What the task requires => For this exercise, retype all the data exactly and exclude every image.

Raw data =>
_ _ _ _

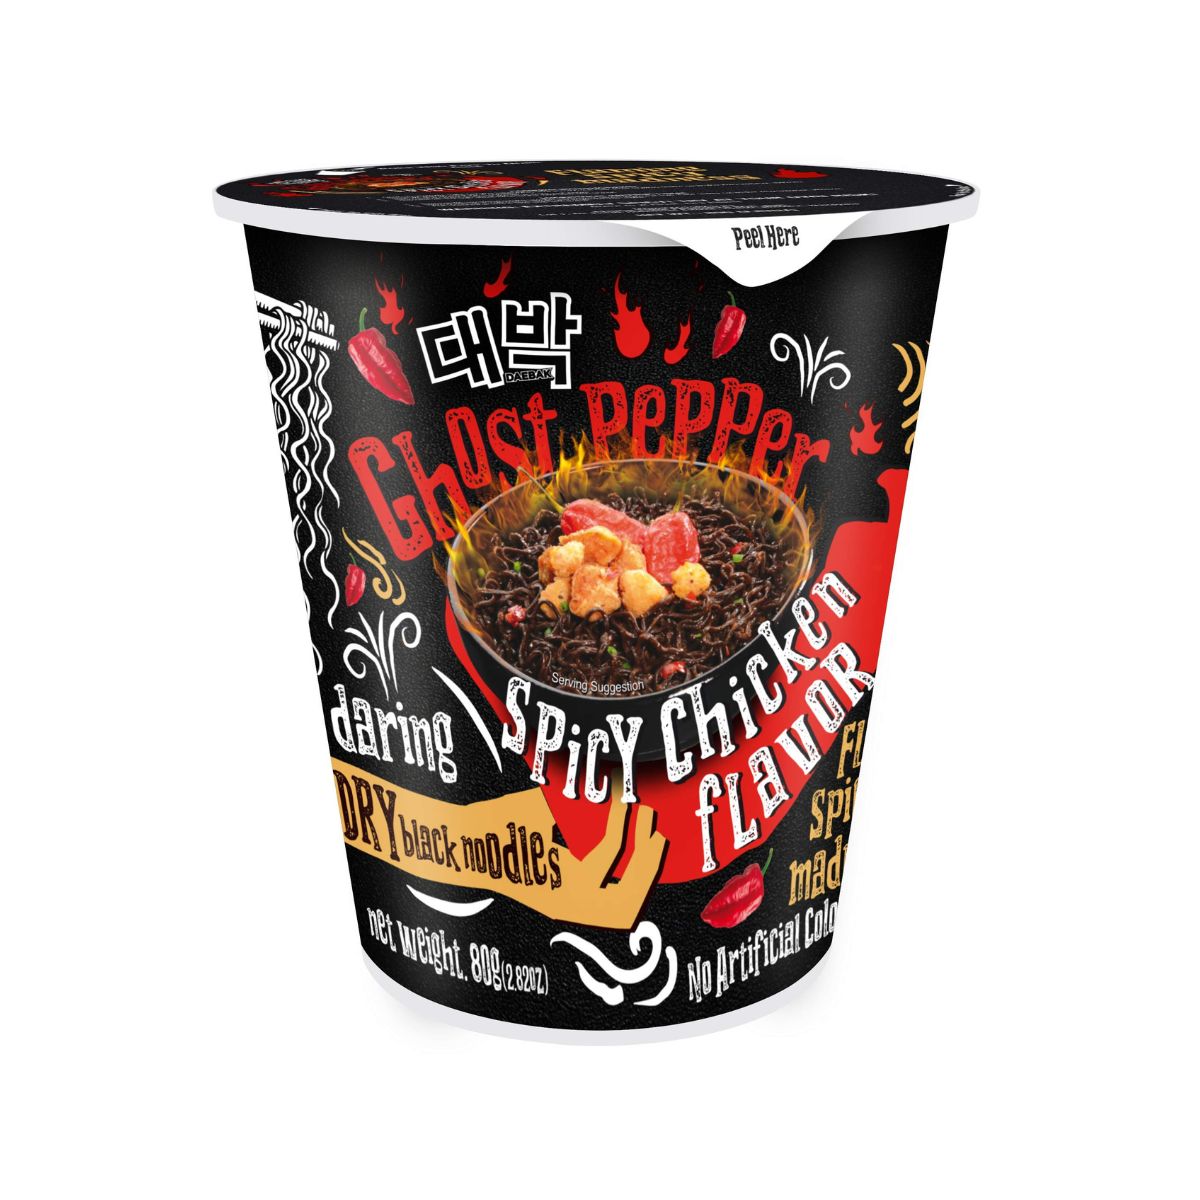 Daebak Ghost pepper Dry Black Noodles - Cup Noodles - 80g
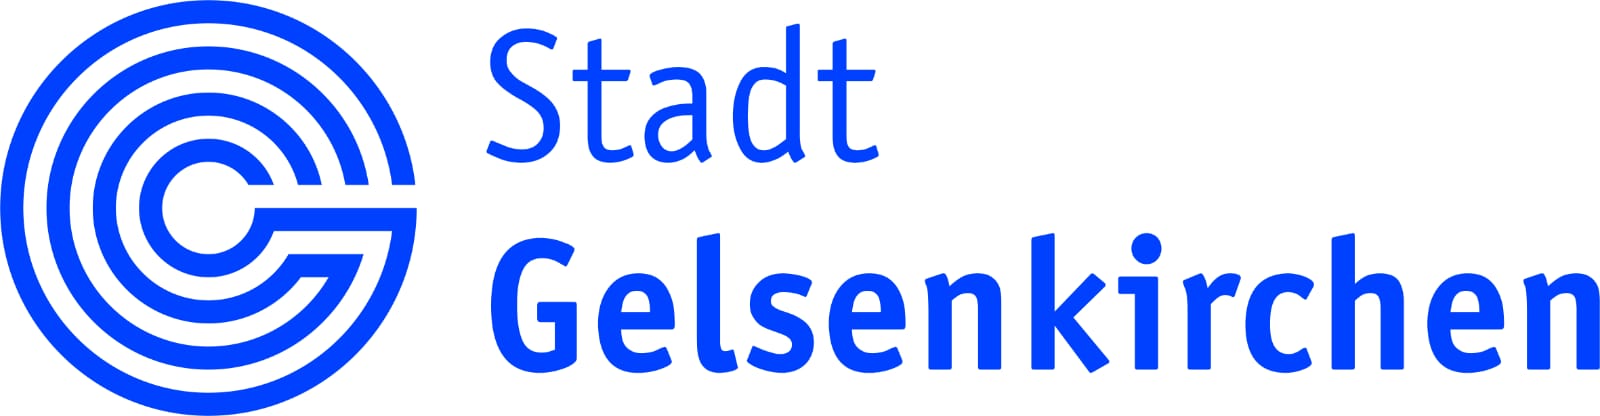 Logo der Stadt Gelsenkirchen
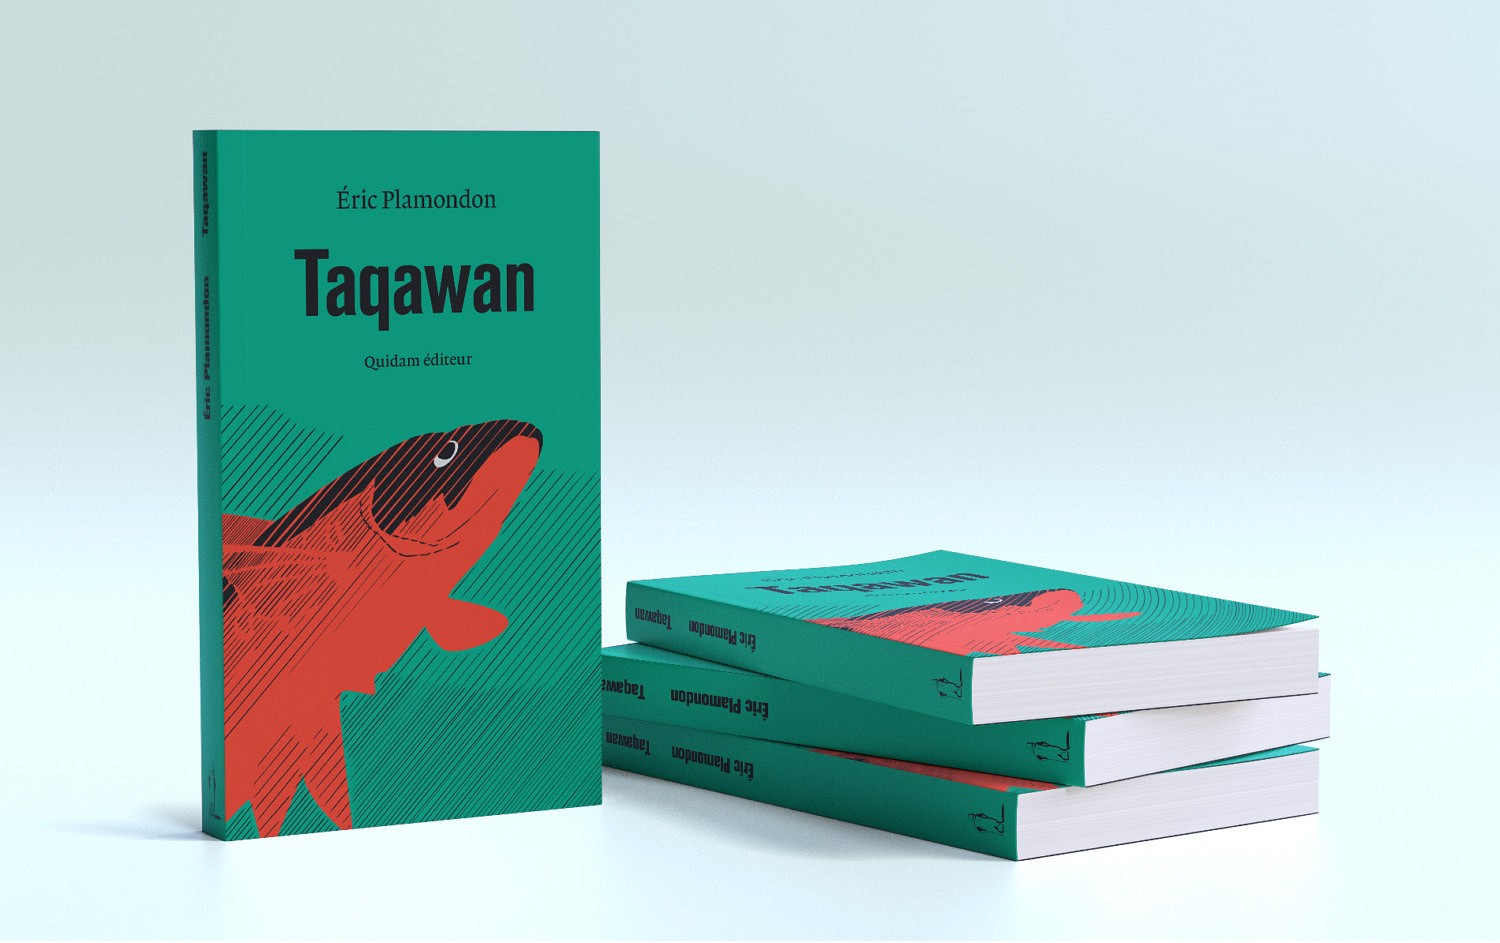 Taqawan - Éric Plamondon | Chinoiserie réalisée sous Illustrator

_ _ _ _

Result for this task =>
 Daebak Ghost pepper Dry Black Noodles - Cup Noodles - 80g
 Logo der Stadt Gelsenkirchen
 Taqawan - Éric Plamondon | Chinoiserie réalisée sous Illustrator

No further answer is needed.